Правда, в соответствии с русскими традициями, признаться, что пишет для славы или успеха у современников, не осмеливался не только Пушкин, но и, кажется, ни один из больших русских писателей. Хвастаться тем, что он «повсеградно оэкранен и повсесердно утвержден», позволялось только поэтам второго ряда.
Зато хвалиться заработанными деньгами — подобная слабость вполне прощалась, ибо переводила результат творческого труда в ряд буржуазных отношений купли-продажи. Более того, таким образом подчеркивалась аристократическая независимость от общества и читателя: хочешь читать — плати деньги. А вслух мечтать о прижизненной славе было дурным тоном; говорить читателю-современнику (но не читателю-потомку — это совсем другое дело): я хочу, алчу твоего признания — было примерно то же самое, что сразу говорить женщине о своем физическом влечении. О любви или замужестве — сколько угодно, а о том, что воображение давно использует избранницу в тех или иных позах — говорить было неприлично, культура и традиции позволяли только намекать, пусть и прозрачно; и не случайно одним из эвфемизмов полового желания стало слово «мечта». Таким образом, предварительно можно выстроить более-менее устойчивый ряд сравнений: прижизненная слава — половое влечение, любовь — внутреннее удовлетворение от творчества, деньги — замужество.
Но у категории успеха и нет иных параметров, кроме внутреннего удовлетворения, славы (еще один ее эквивалент — власть) и денег. Их соотношение определяло суть не только натуры творца, но и общества, которое делало акцент на той или иной части триады.

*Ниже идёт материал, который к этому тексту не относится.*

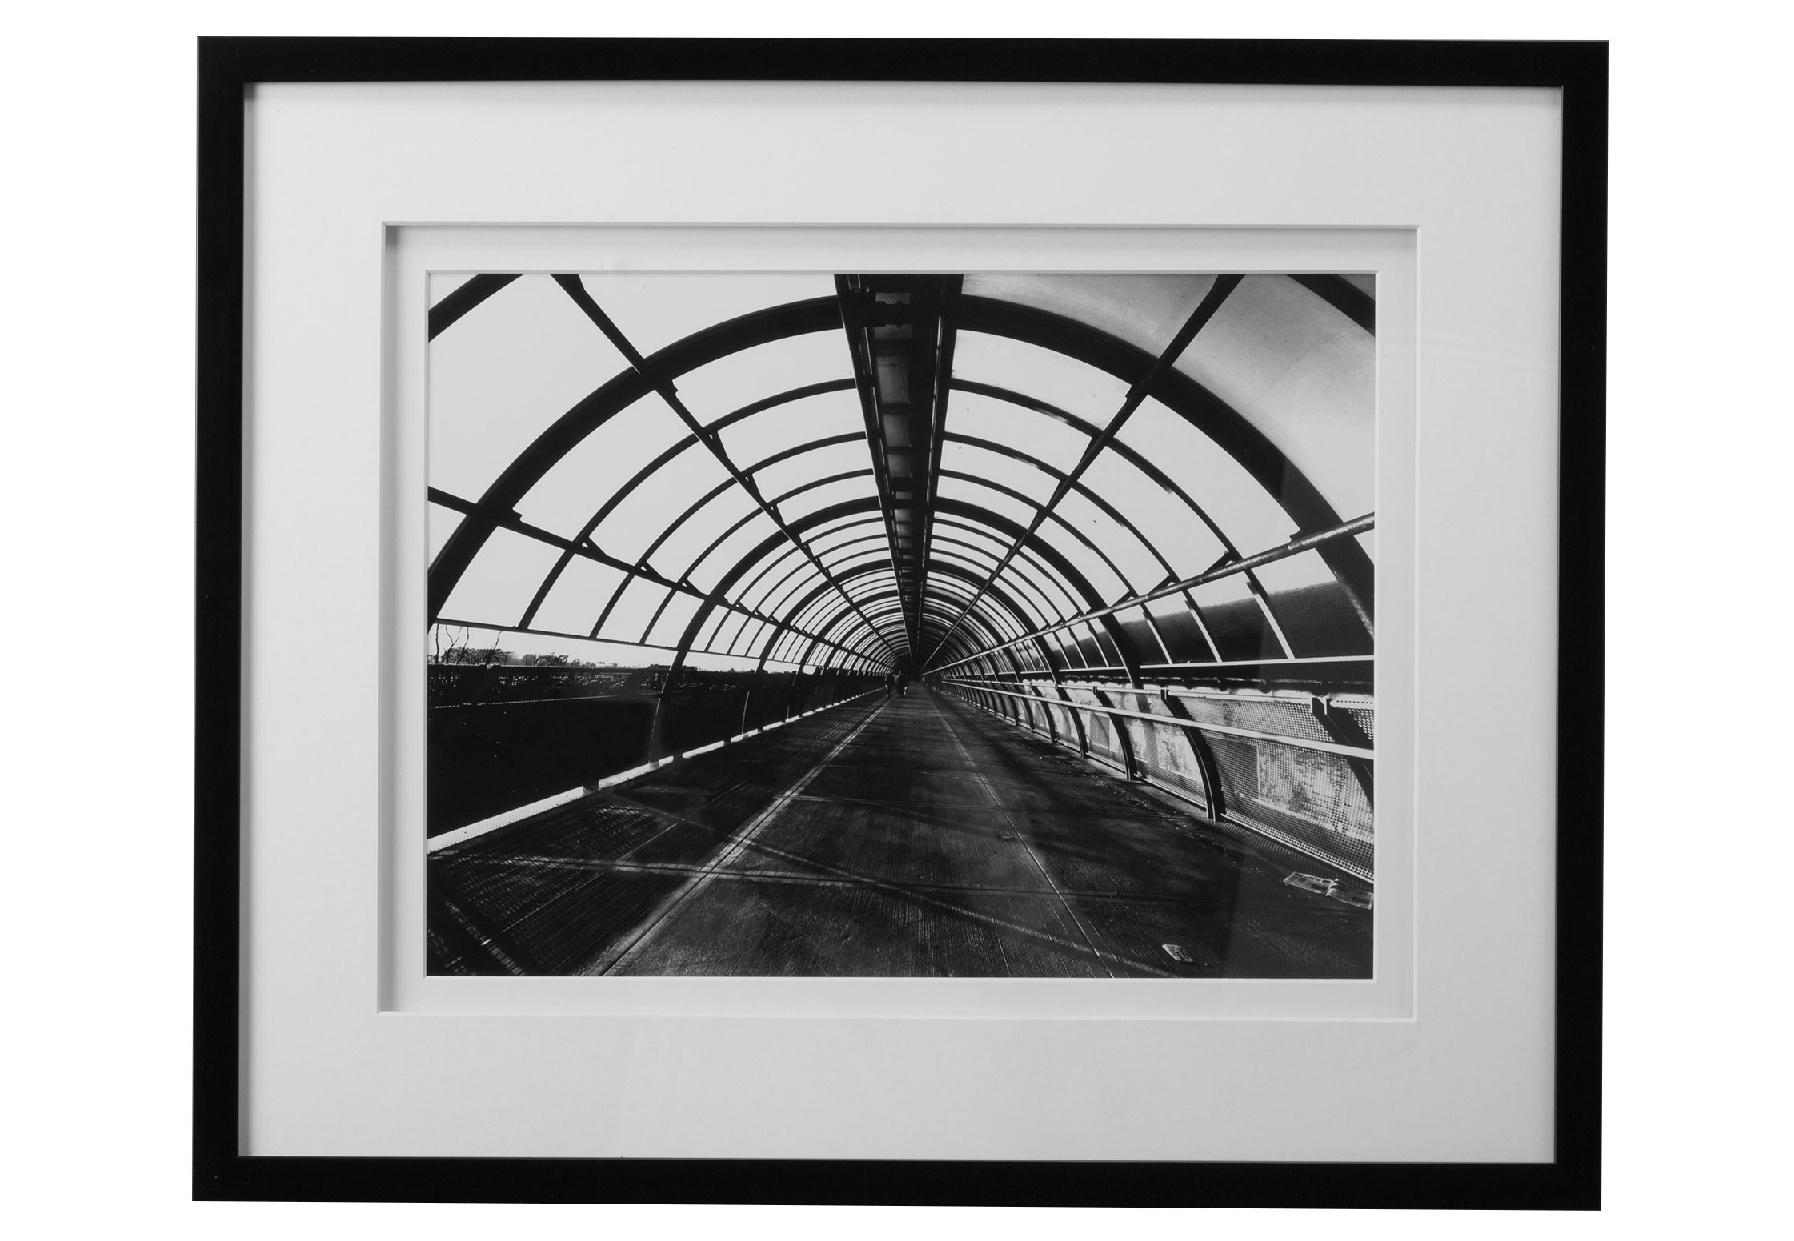 Постер с паспарту в рамеПостеры<br>Куда ведет этот туннель? Сможете ли в конце него увидеть долгожданный свет? Картина от MH позволит вам расширить границы своего восприятия. Всматриваясь в ее графичный черно-белый рисунок, вы сможете подумать о будущем и что-то решить для себя. Такой декор отлично подойдет для рабочего кабинета,где иногда нужно отвлекаться от дел.&amp;amp;nbsp;&amp;lt;div&amp;gt;&amp;lt;br&amp;gt;&amp;lt;/div&amp;gt;&amp;lt;div&amp;gt;Рама - дерево.&amp;lt;/div&amp;gt;<br><br>Material: Бумага<br>Width см: 58<br>Depth см: 3<br>Height см: 48

Однако взятые таким образом критерии успеха еще слишком крупны и, значит, не точны. И вызывают множество дополнительных вопросов, например: в какой степени внутреннее удовлетворение от сделанного зависит от того успеха, что выпадает или не выпадает на долю поэта? И как это все, в том числе и цена рукописи, обеспечивает независимость и свободу, необходимые для следующего творческого акта? С другой стороны, даже если на провокативный вопрос: «Так ты доволен собой, взыскательный художник?» — следовал утвердительный ответ, оставалось невыясненным, что предпочтительнее: чтобы толпа «колебала жертвенный треножник» или вообще проходила мимо поэта, не замечая его гордой независимости, как мимо пустого места? Ведь когда толпа протестует, колеблет треножник, это одно, а когда не замечает и, как следствие, издатель не платит гонорара, это совсем другое.
Да и потом, слава, собственно говоря, у кого? Какая слава слаще — та, которую дарует признание посвященных, или признание всех остальных, то есть непосвященных?

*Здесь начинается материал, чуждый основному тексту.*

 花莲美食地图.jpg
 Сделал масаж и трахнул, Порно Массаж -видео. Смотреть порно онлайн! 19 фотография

Для того чтобы понять, что такое механизм успеха и как он определяет конкретную сегодняшнюю литературную иерархию и выстраивает литературную среду в соответствии с рейтингом нового времени, необходимо отступить на шаг назад, в наше недавнее советское прошлое.
2
По разным причинам говорить об успехе у нас считалось неприличным. На само слово надевалась уздечка в виде прилагательного «внешний». Что подразумевало наличие более точного и истинного критерия оценки творчества. Этот критерий обозначался по-разному, но чаще всего, с легкой руки Шкловского, как «гамбургский счет». И при существовании «государственной» литературы, когда регалии распределялись подчас в соответствии с идеологическими и нелитературными достоинствами произведений, критерий «гамбургского счета», казалось бы, работал. Советскую табель о рангах открывали лауреаты Ленинских, Сталинских и Государственных премий, хотя большинство читателей понимало, что Трифонов, Битов, Искандер лучше Маркова, Софронова, Кочетова. А вот лучше или хуже они «живущих на воле» Солженицына, Владимова, Войновича или Бродского, Саши Соколова, Лимонова (а то и совсем другая обойма — Пригова, Попова, Кривулина или Шварц) — каждый читатель решал по своему разумению, подключая все тот же «гамбургский счет», или, иначе, «эстетическую значимость» произведения.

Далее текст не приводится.